(Beginning of DATA SUPPLIED)

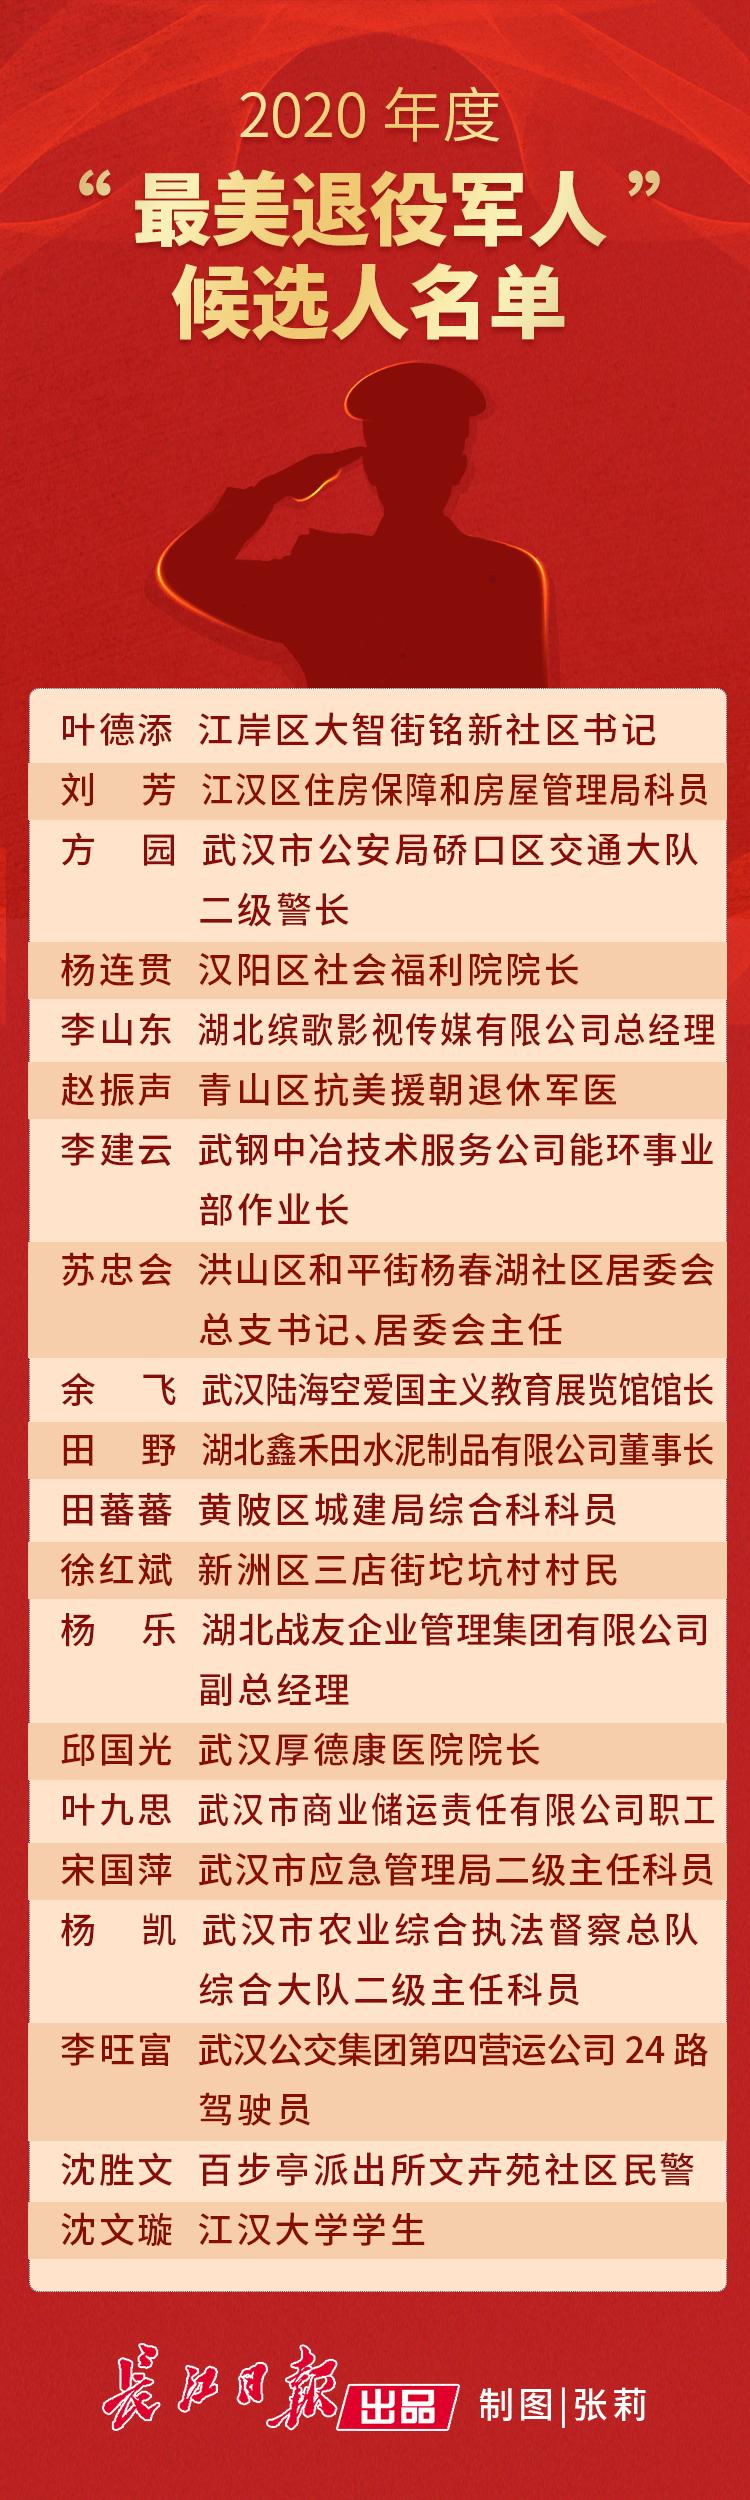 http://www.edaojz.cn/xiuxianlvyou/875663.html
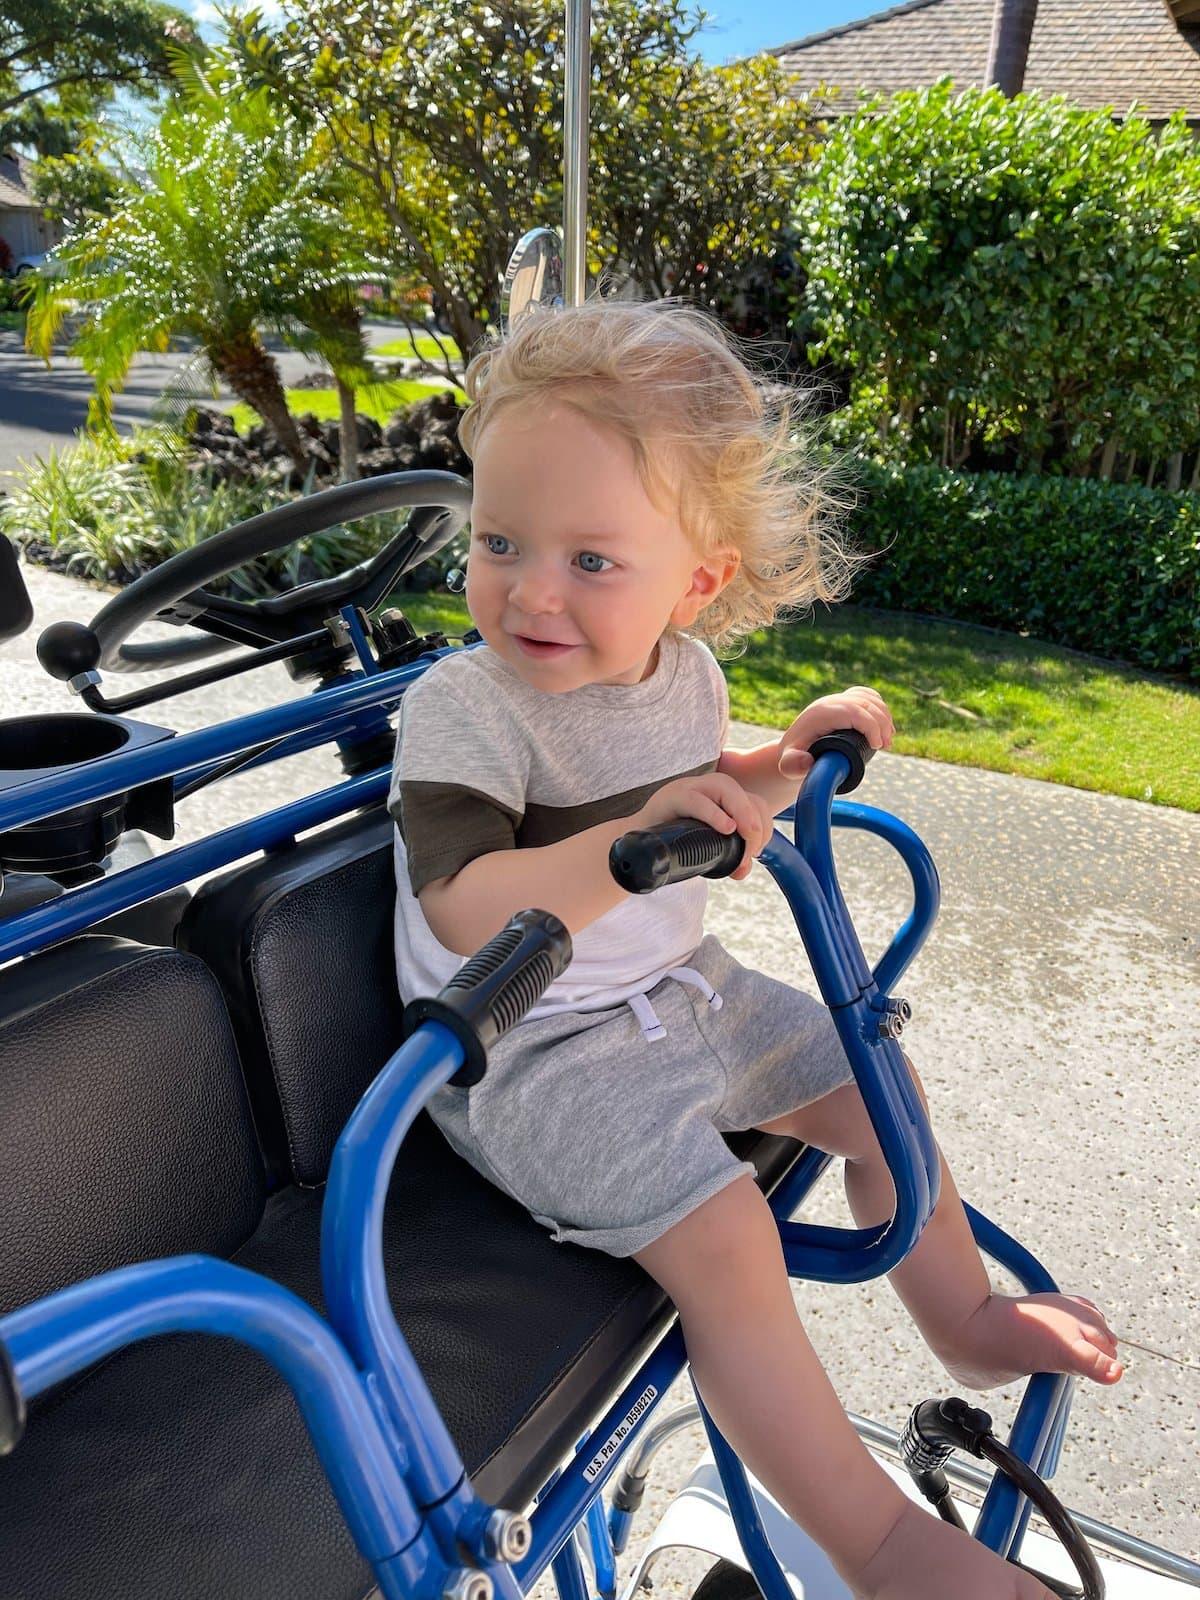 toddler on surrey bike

(End of DATA SUPPLIED)
(Beginning of DATA SUPPLIED)

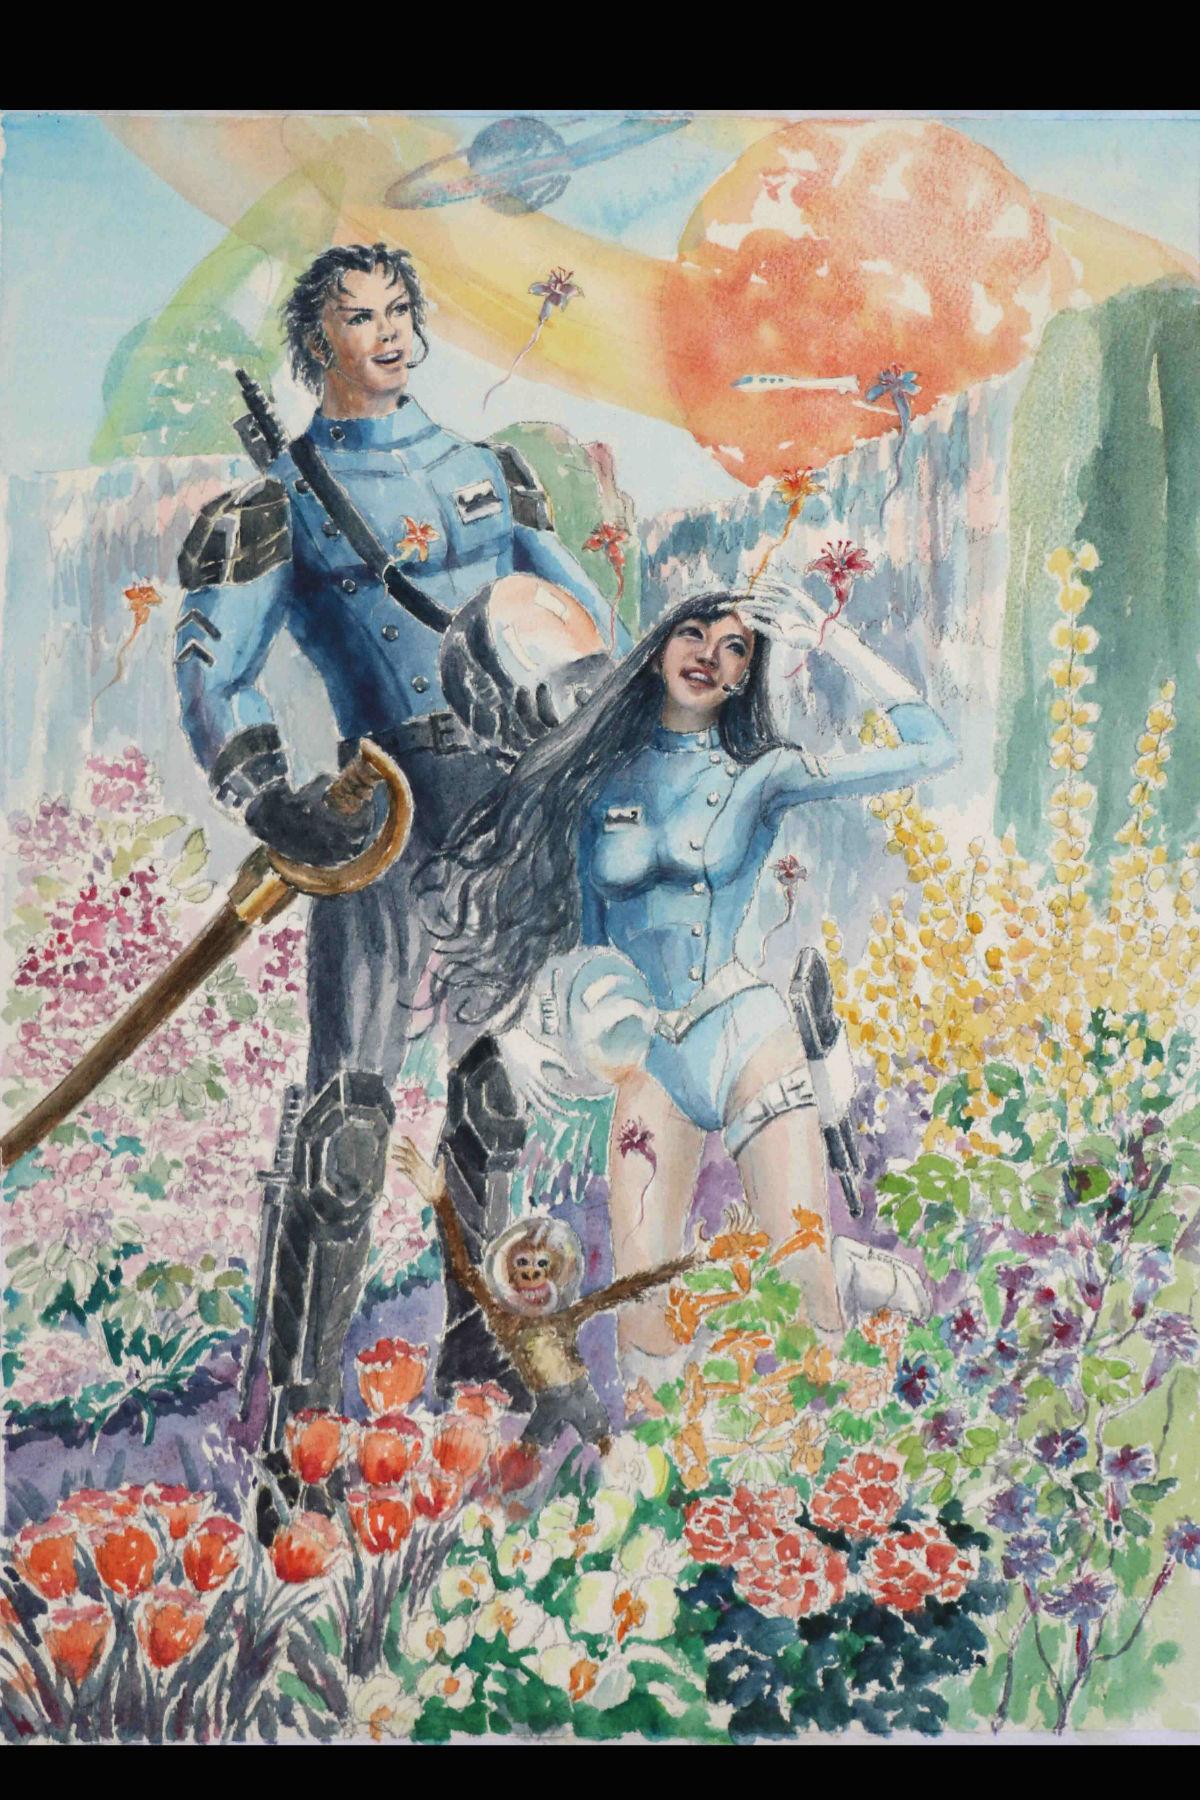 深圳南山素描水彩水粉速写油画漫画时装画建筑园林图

(End of DATA SUPPLIED)

> WHAT THE TASK ASKS: In the data above, the stretch from the line with "http://www.edaojz.cn/xiuxianlvyou/875663.html" through the line with "toddler on surrey bike" is to be returned exactly, minus any pictures.

> OUTPUT FOR THIS TASK:
 http://www.edaojz.cn/xiuxianlvyou/875663.html
 toddler on surrey bike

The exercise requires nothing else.